In fact, the history of mankind has been a history of wars and invasions. Buddha alone could not turn the tide in favour of withdrawal from futile exercises of aggression that has become ingrained in human psyche unaware. War is not about mass annihilation only; it strangulates the humanity in a person. Had there been the sanity of realisation of the futility of war, this world could reorganise its wealth for far better purposes than developing weapons of mass destruction.


However civilised and advanced the human race may be, its basic instinct for establishing supremacy and promoting self-interests among groups, societies and nations is as primitive as before. The majority of human beings can be accused of bias for this or that mental narrowness. Even skin colour, gender and a lot more other differences are not recognised as the attributes of a particular people. Some frontline nations in the world are in no mood to end their eyeball-to-eyeball confrontations. They are also ready to wage proxy wars so that their enemies become weakened. Sometimes their subtle manoeuvring does not work well and they go for naked aggression as has happened in Vietnam, Afghanistan, Iraq, Sudan and elsewhere.

Not only has the hegemony of war psychosis but the socio-cultural variants of this exercise have also been presented as attractively as humanly possible, courtesy of the superior communication technology and the enormous investments to back such aggressive promotion. Modern devices, particularly smartphones are the potent weapon to advance the deleterious causes. Peoples not accustomed to inventing their own technologies to counter this, actually falls prey to the cheap and luring alien influences. They buy or borrow those for imitation of the modes of the lands of origin.

Thus the mental maps of people in the less developed and developing countries have imperceptibly been undergoing a sea-change. How the Artificial Intelligence (AI) will revolutionise human relations in the long run has already been a cause for serious concern. But by this time the phenomenal cultural transition has not been a subject of informed discourse in this part of the world. No doubt, people are enjoying the many advantages of the modern gadgets but at the same time they are paying a heavy price for the dissociation from their cultural mooring. Violence is one of the outputs of this cultural transition.

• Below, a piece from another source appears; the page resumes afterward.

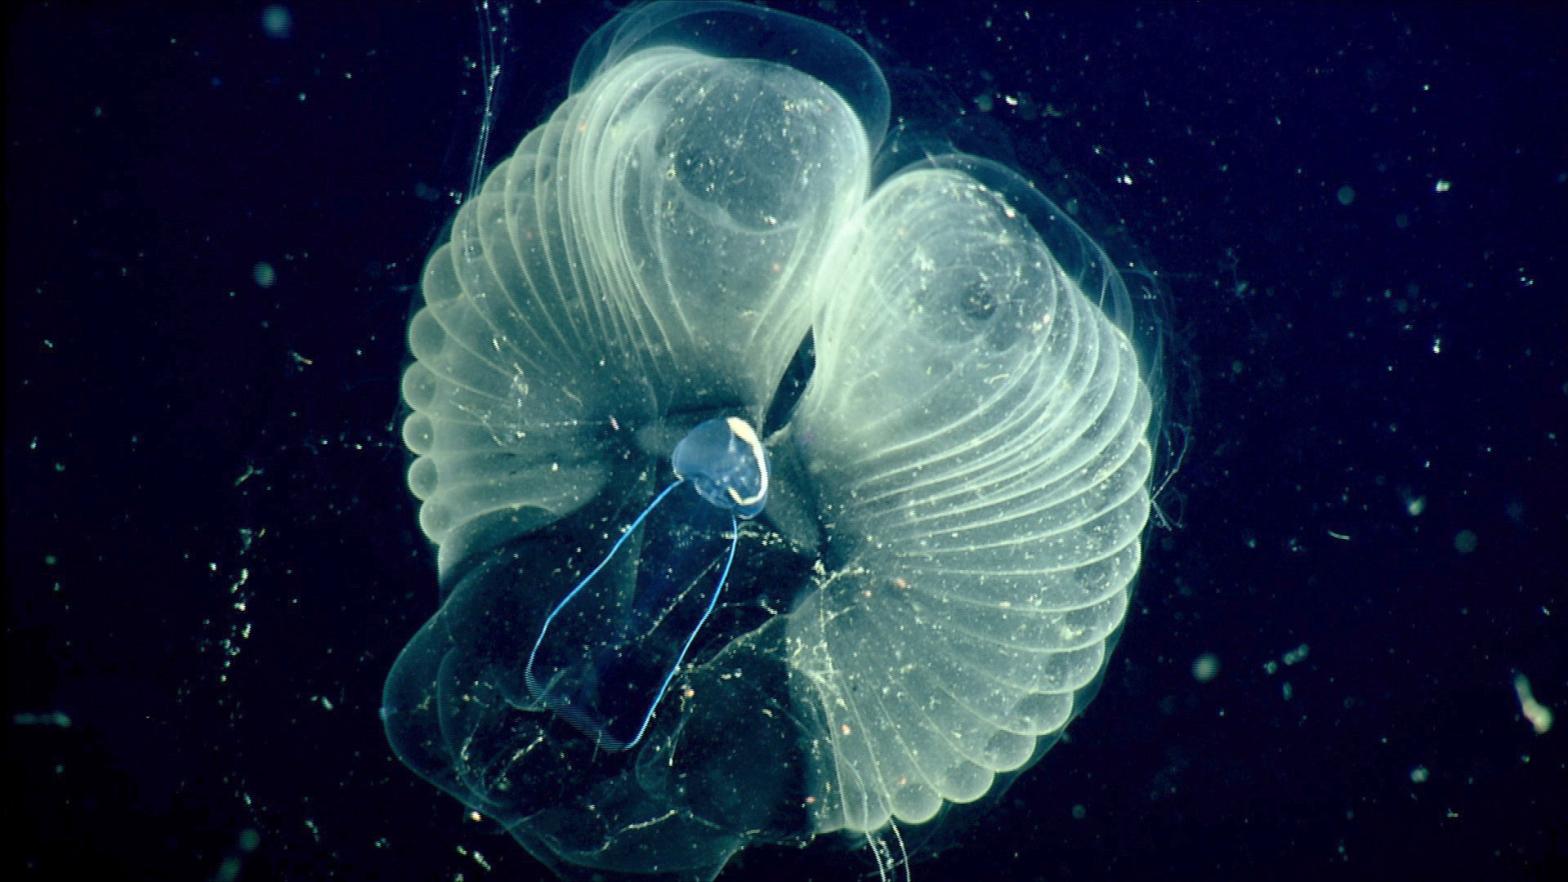 A close-up image of a giant larvacean in its, uh, snot palace. (Image: MBARI via AP)

Today few of the young generations are eager to take delight in the sparkling dew drops that hang from the blades of grass or paddy leaves. Although it is reassuring that some young boys and girls go extra lengths to protect street dogs or fix earthen pots on trees for nesting of birds. But they are a minority. Without the cultural awakening and book reading accompanied with developing passion for arts and culture of the soil, the mind will go distracted and distorted. Love for the motherland will not get consolidated unless comprehensive cultural pursuits become a norm for society.